WHAT IS BEING ASKED: Please leave out pictures and print exactly the lines from the one that has "Zodiac Necklace - Aquarius, Astrology" through the last line of the material below.

SUPPLIED MATERIAL:
====
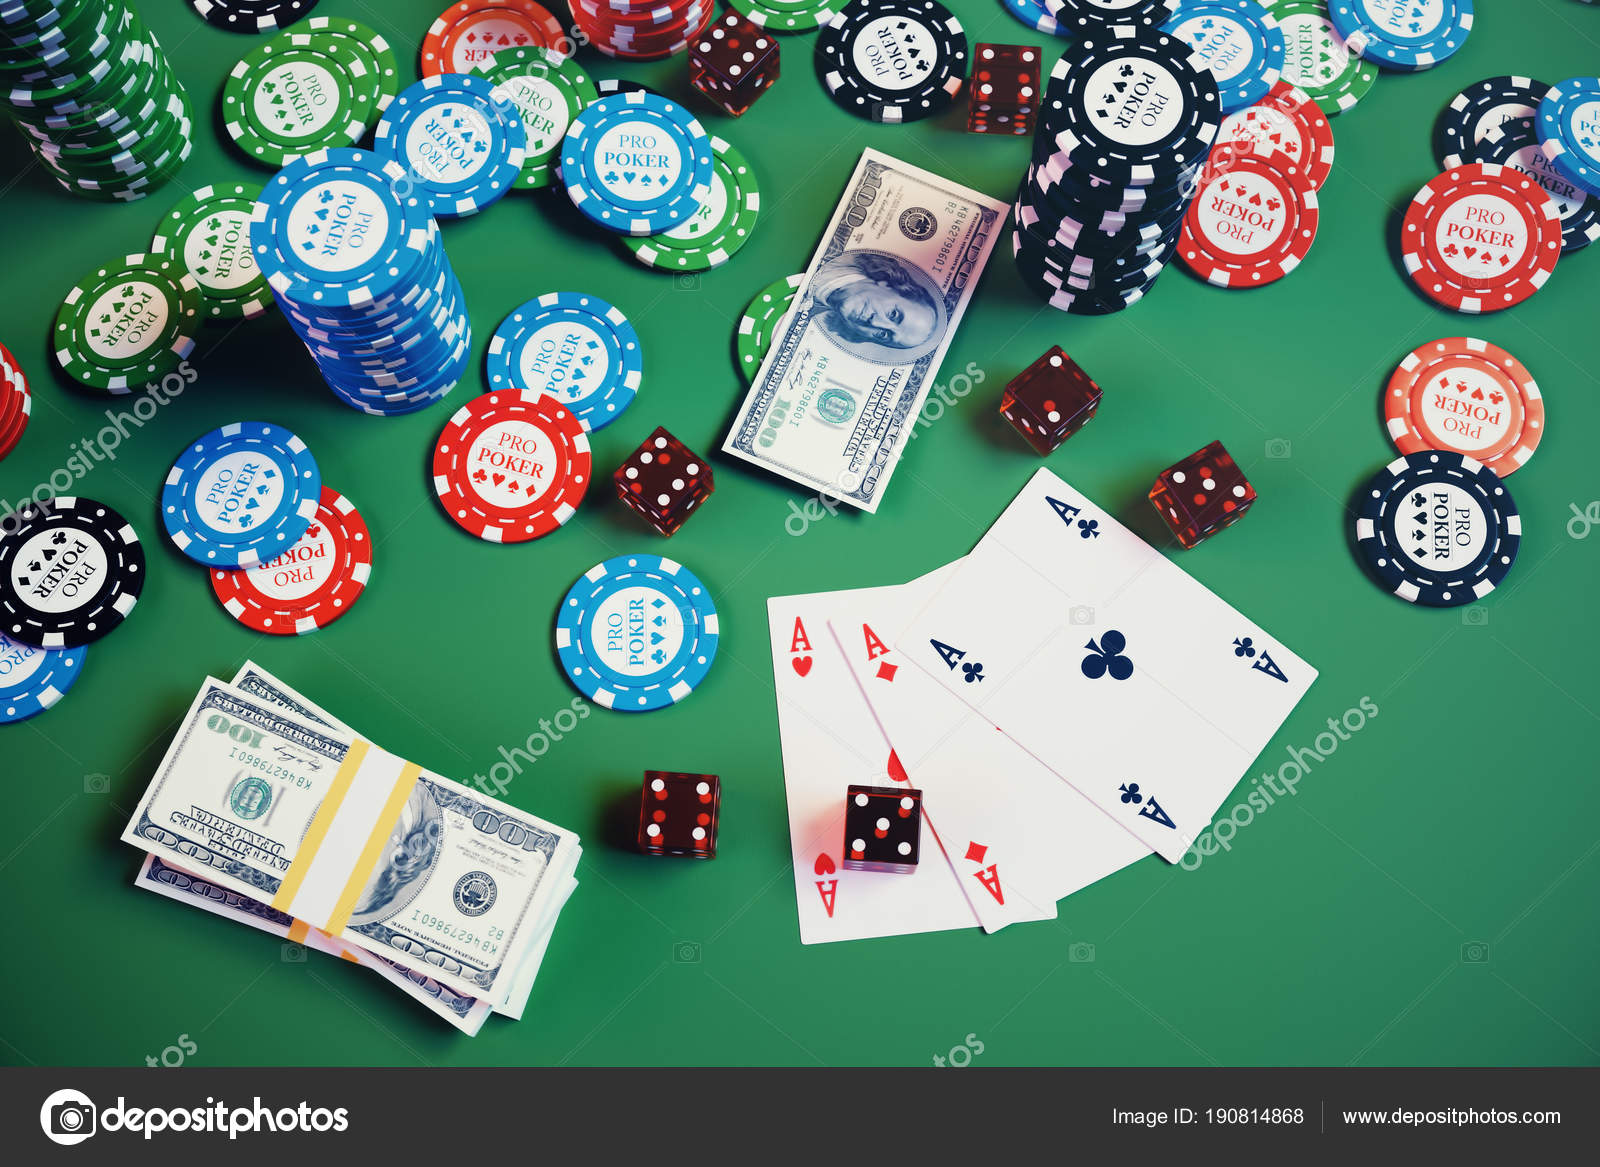 Poker chips 440955
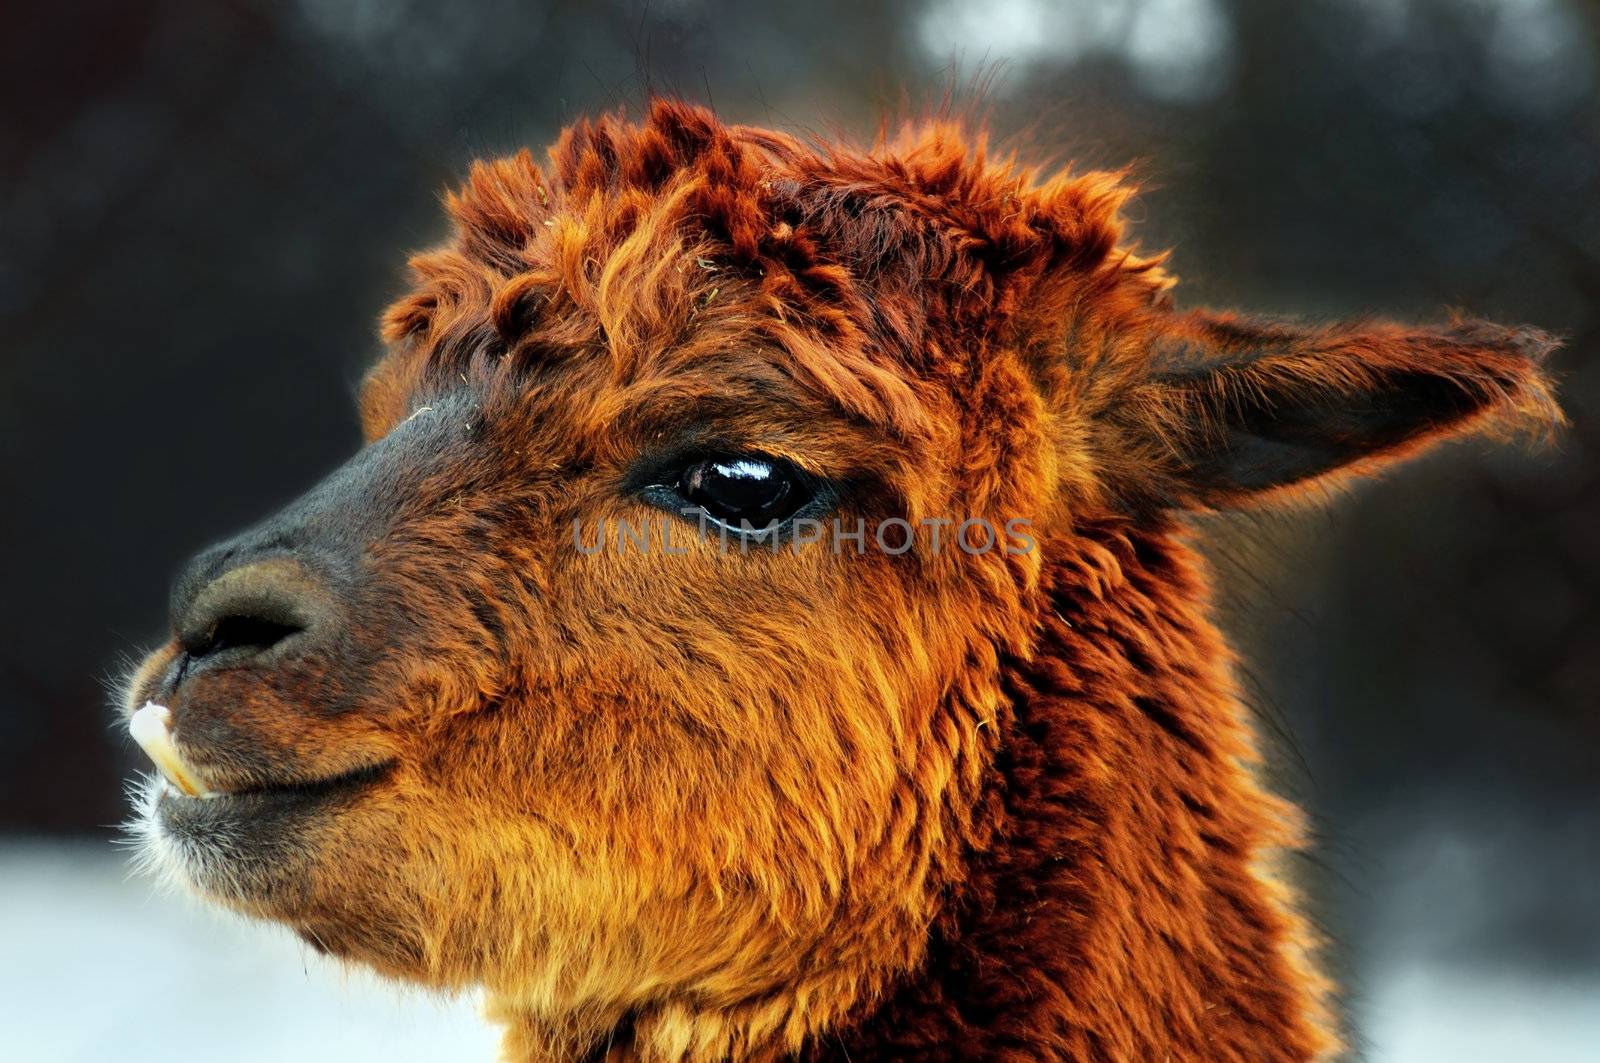 Brown alpaca portrait by Mirage3
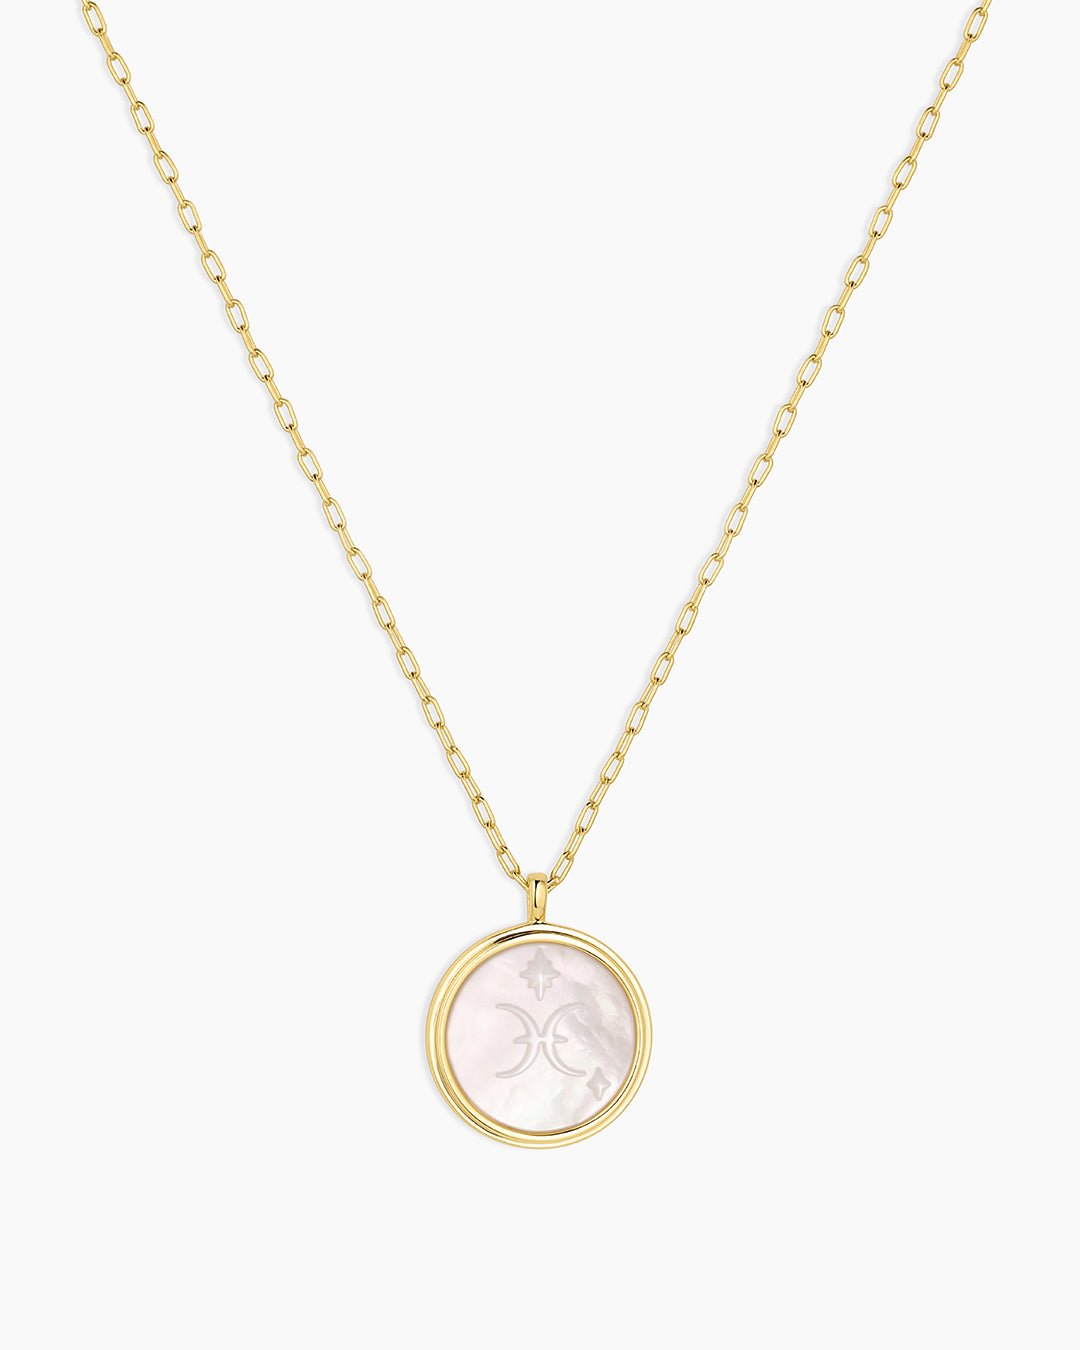 Zodiac Necklace - Aquarius, Astrology Coin Necklace, Aquarius Necklace || option::Gold Plated, Pisces
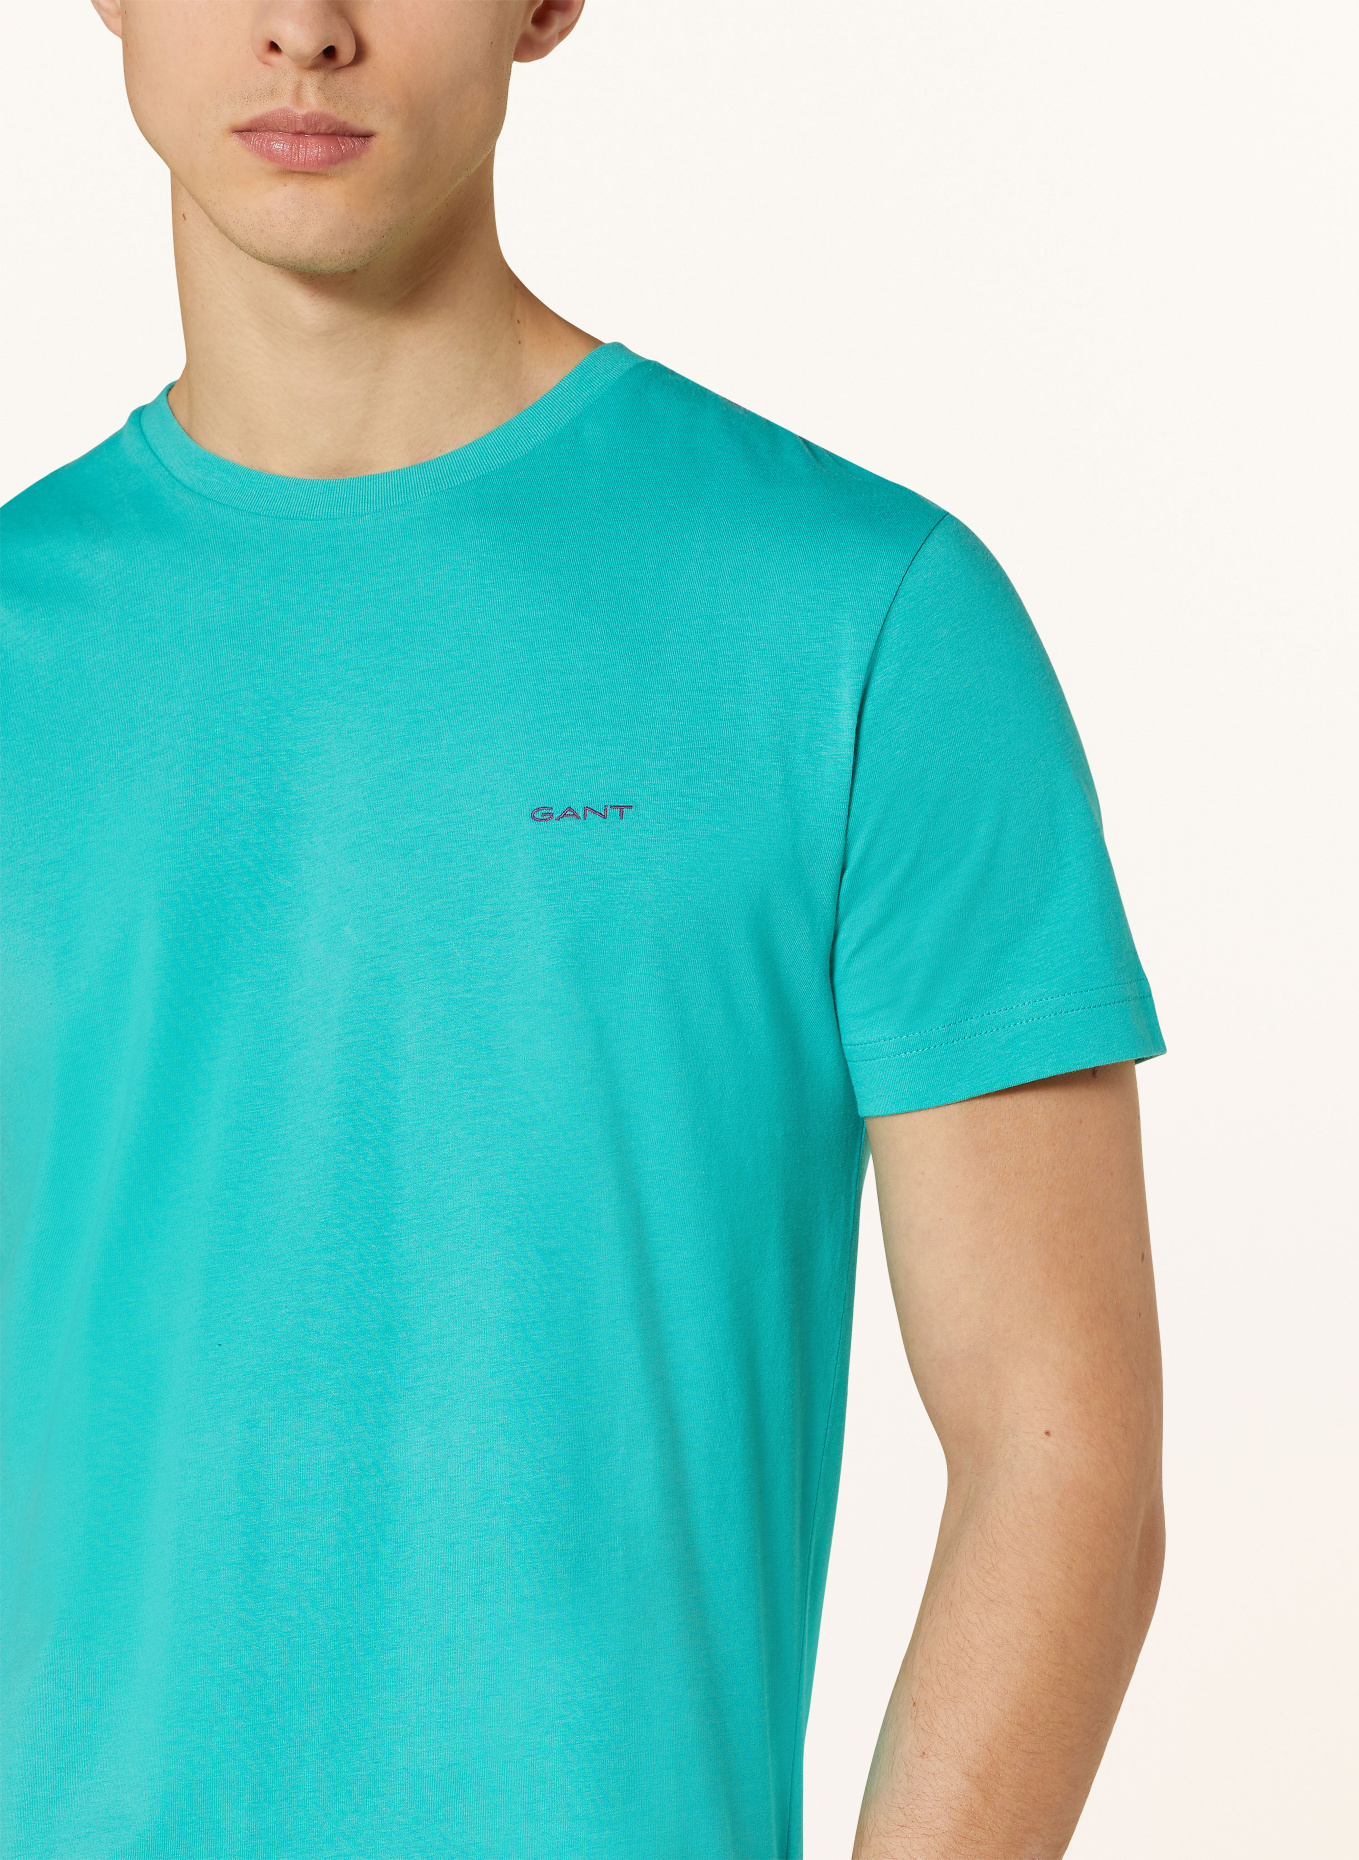 GANT T-shirt, Color: MINT (Image 4)
====
WRITTEN SOLUTION:
 Zodiac Necklace - Aquarius, Astrology Coin Necklace, Aquarius Necklace || option::Gold Plated, Pisces
 GANT T-shirt, Color: MINT (Image 4)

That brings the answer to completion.